Fever, cough, and fatigue have been reported as the major clinical symptoms of the infection following a median incubation period of 3 days, with a great number of infected patients also showing impairment in smell (anosmia) and taste (ageusia) as vital clinical findings in early diagnosis of COVID-19 infection [4]. COVID-19 has similar transmission pathways, but not identical, to those of other SARS-CoV infections, being mainly through the respiratory system [5, 6]. Many considerations regarding possible hazardous activities or workplaces have been raised based on both our experience from previous SARS-CoV infections and our observation of the transmission pattern of the SARS-CoV-2 itself in such a short time following its appearance. Among them, the potential transmission of the virus through dental procedures and in dental settings has attracted much attention leading to either mandatory or voluntary suspension of routine dental care [7, 8].

The concern about dental practice coronavirus transmission has been widely recognized around the world. Recently, The New York Times noted that dentistry was the most at-risk profession for nCoV-19 compared to other various occupations [9]. Based on the nature of the dental procedures, and the proximity of the dental team with patients, the disease could readily spread from infected patients to the dental team, and vice versa, and subsequently to other patients, if appropriate protective infection control measurements are not undertaken [10, 11].

Dental teams, led by the dentist, are very familiar with universal personal protective equipment and other cross infection control measures and risk assessment. While these issues have become prominent during the pandemic, there has been uncertainty regarding the most appropriate Personal Protective Equipment (PPE) and way of working. Each country of the world has been required to develop policies to counter COVID-19 rapidly and has interpreted medical and scientific evidence and advice from the WHO in very different ways. Similarly, the guidelines written for COVID-19 and advice published for the safe and effective practice of dentistry have shown much variation around the world and also within countries. Perhaps this is due to the lack of evidence-based research on the efficiency of the proposed guidelines. It is well known that developing an effective vaccine that implements widespread immunization takes time; therefore, it is critical to find new practical methods in our daily dental practice so that we can offer much-needed care for patients with oral health issues. The long term consequences of this pandemic are currently unknown, but they will undoubtedly result in a ‘new normal’ for the provision of dental care.

Many suggestions and protocols have been issued for the re-opening of or reorientation of dental clinics over a short period.
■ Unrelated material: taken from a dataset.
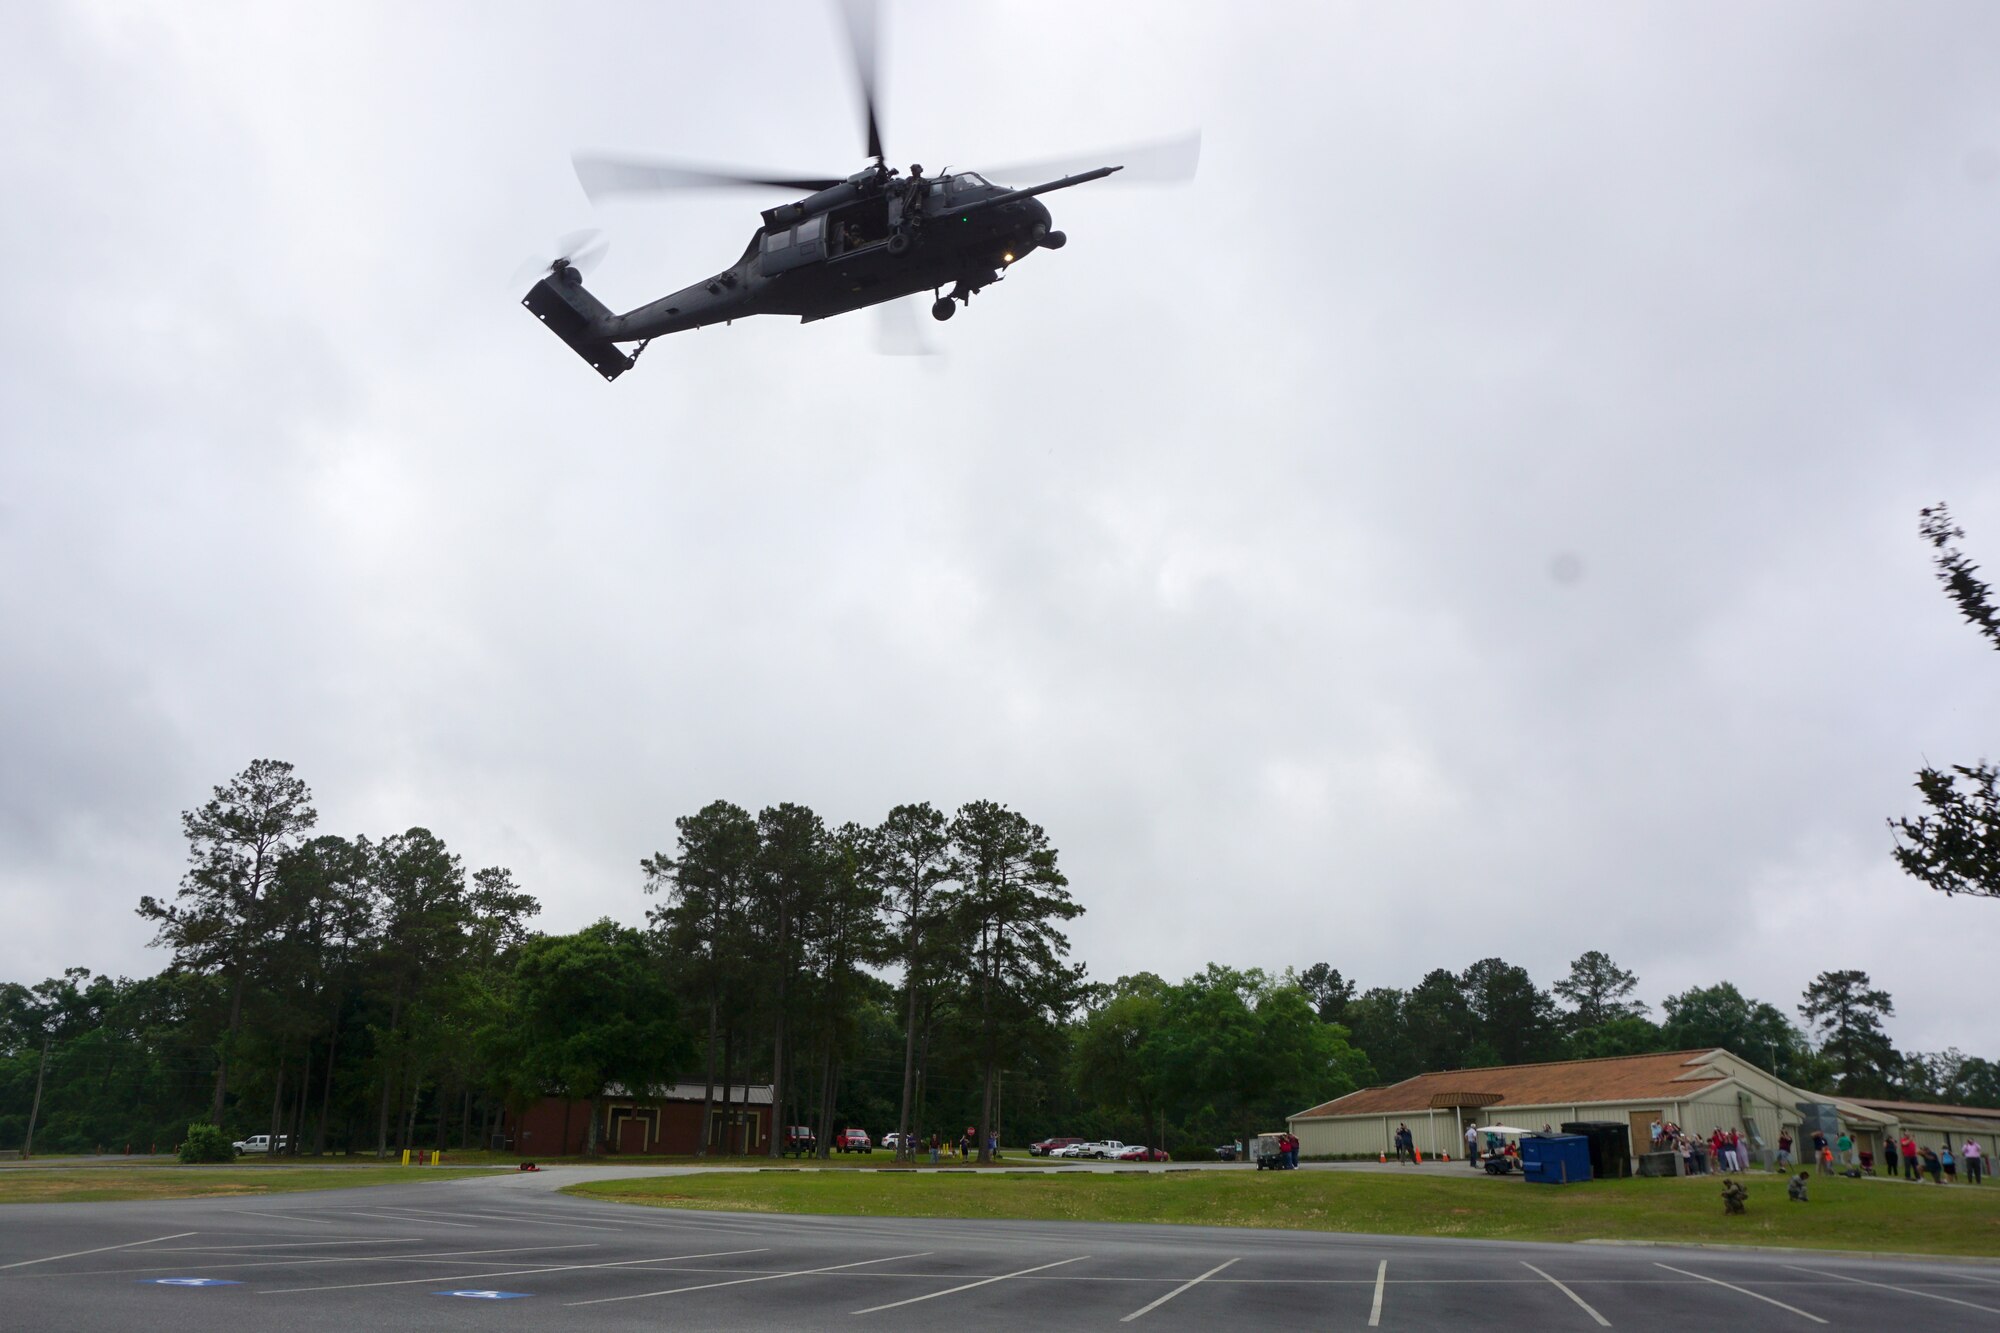 Pave Hawk lands at Museum of Aviation

However, many of the protocols have been produced posthaste (for understandable reasons) with a focus on the ideal rather than a realistic point of view [12,13,14]. This systematic review focuses on the risk of the transmission of the COVID-19 during dental treatment and provides pathways and protective protocols to minimize it, bearing in mind the long-term necessity of actions and realistic, practical measures.

Method

In this systematic review of the literature, we searched Pubmed, ISI, and SCOPUS electronic databases using MESH terms and the following keywords: (“Covid-19” OR “Covid19” OR “Corona” OR “Coronavirus” OR “SARS-CoV-2”) AND (“Dentistry” OR “Dental”). All articles from the 01.01.2020 until 10.05.2020 that satisfied our selection criteria of being recommendations or guidelines for dental practice during the COVID-19 pandemic were retrieved. Articles were excluded if they were not found to be relevant, produced before the COVID-19 pandemic, or opinion-based without any supporting evidence. Some clinical organizations for example; The World Health Organization (WHO), The Centers for Disease Control and Prevention (CDC), The National Health Service (NHS), The American Dental Association (ADA) and, American Dental Hygienists’ Association (AHDA) had also published recommendations and guidelines through their websites. Therefore, we also undertook a Google search for these sources and used the English, German, and Farsi languages. We outlined the competency criteria using a PICO model as follows: Population: All articles and/or guidelines for dental practice during the COVID-19 pandemic. Intervention: Knowing and applying the special precautions and therapeutic considerations in dentistry. Comparison: Despite the fact that due to the novelty of COVID-19, it is difficult to compare the effectiveness and applicability of the proposed precautions and interventions, but the comparisons have been made based on country, and organization of the article and guidelines. Outcome: the application and effectiveness of the intervention for reducing risks of transmission. Figure 1 shows a flow chart of the literature screening method used. These were reviewed by two authors independently, who have experience in infection control in dentistry and medical study methodology. Articles were critically appraised and data extracted to compile a summary clinical protocol for dental practice during the COVID-19 pandemic. The extracted statements of recommendation, both from the published articles and the clinical organization’s publications, were divided into grouped items. We also added to this grouping by including the views of ten dentists with more than 5 years of clinical work experience in addition to the views of the two authors who had undertaken the data extraction. These additional dentists were selected conveniently based on clinical experience from Iran.

Fig. 1
figure 1

Systematic review flow chart

Main results

To the date this paper was drafted, 38 articles were found, of which 9 satisfied our inclusion criteria. The key feature of the nine included studies are summarized in (Table 1). We noted that some researchers preferred to publish their work rapidly and in alternative ways of using peer-reviewed journals.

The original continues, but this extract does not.